The heath where killer picked up men
Pretty rows of €1 million terraced homes, thriving shops and celebrities by the dozen, last year the area was found to have Britain’s highest concentration of millionaires.
The suburb’s best-known attraction is a 791-acre park known as Hampstead Heath.
During the day, the heath is much-used by families who come to the top of Parliament Hill — one of London’s highest points — to fly kites.
From here, visitors can peer into the distance and make out landmarks such as St Paul’s Cathedral, the Old Bailey and St Pancras railway station.
Dog walkers, parents with pushchairs and joggers from areas adjoining the great park come here daily to enjoy what they call the ‘Lungs of London’.
By night, the heath is a popular meeting place for gay men, catering to casual liaisons and voyeurism.
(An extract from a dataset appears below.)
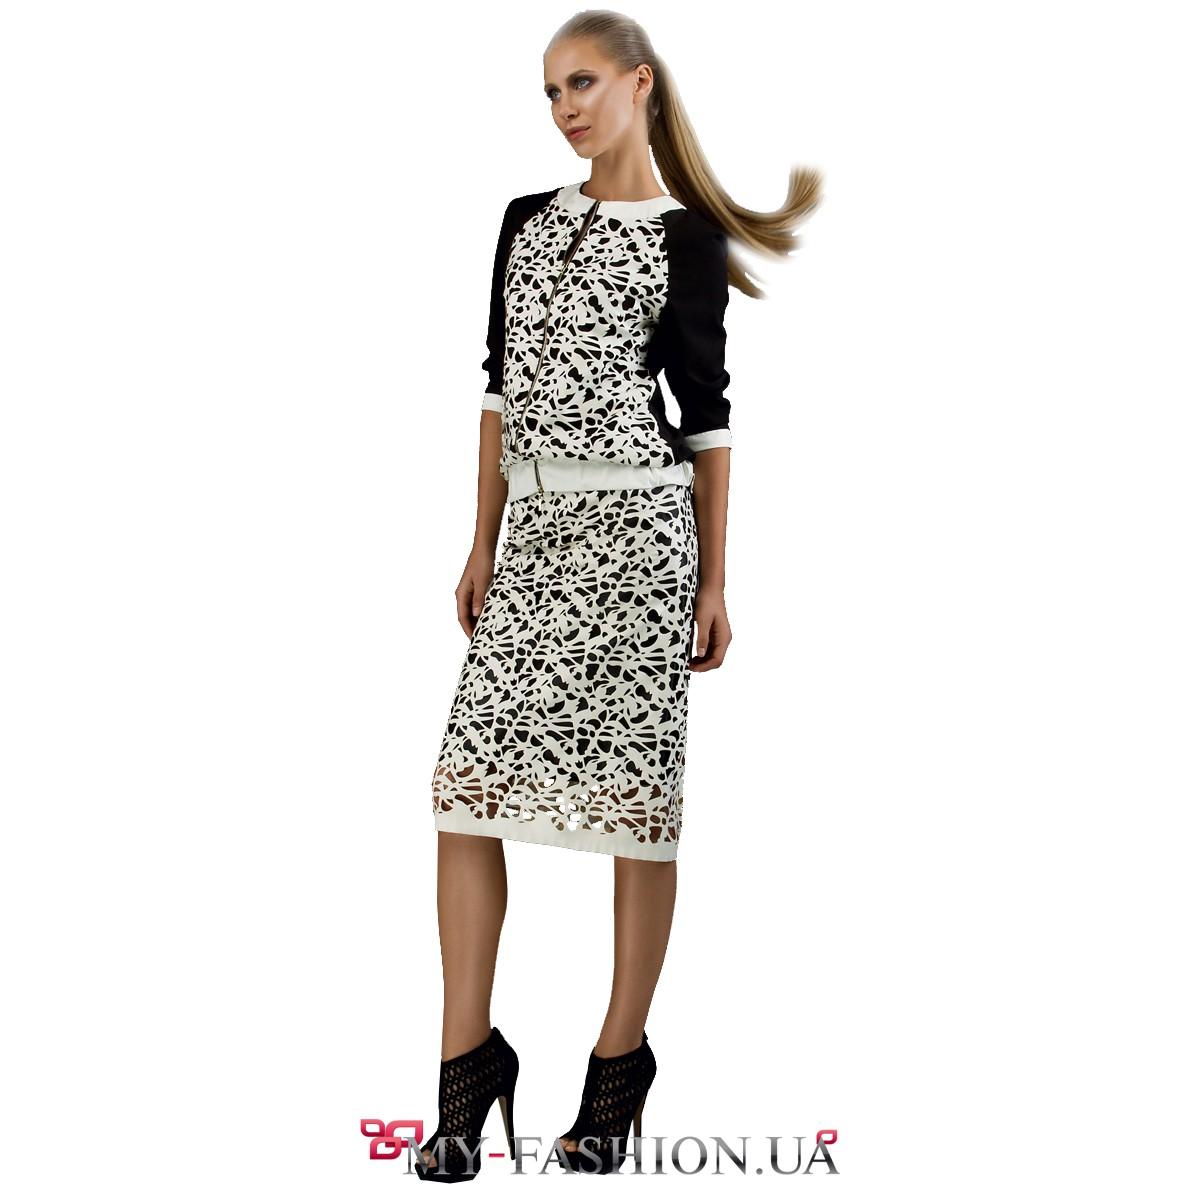 Сайт фасон женская одежда с доставкой

By engaging in such acts publicly, men live on the edge of the law (its illicit thrill is part of the buzz) but are tolerated to a certain extent by the police.
Among the men can be found politicians and those in high-powered jobs — the very people who risk professional and personal ruin if they are ever unmasked.
It was here where Mark Papazian met Gerard Hendra — and where he also met a man known only as Jeremy, who he would later plan to kill.
And such a place is where the police had to start their delicate investigations into the murder of Mr Hendra.
Detective Chief Inspector Mick Broster, of the Metropolitan Police’s specialist crime directorate, headed the murder probe.
He said: “During our investigation it became evident that Gerard was a gay male. He lived in such close proximity to the heath and the gay community there so we had to liaise with them.”
Mr Hendra sought out casual liaisons on the heath after his long-term partner died in the mid-1990s and a short-term romance fizzled out in 2004.
The killer, Papazian, was homosexual too, and in his diary he planned to use the heath to pick up men whom he would kill.
Chief Inspector Broster said: “Rather chillingly, Papazian had chosen to kill Gerard at home — rather than Hampstead Heath — because he realised it would affect the ‘cruising’ on the heath.
“But he decided that he would kill his second man (Jeremy) on the heath. Papazian was going to be a serial killer without a doubt, had we not got him.”
Such is the secret world of the heath, police never found anyone who admitted to being Papazian’s target Jeremy.
The chief inspector, however, is sure he knows who he is and puts the denials down to the double lives that some of the heath’s men lead.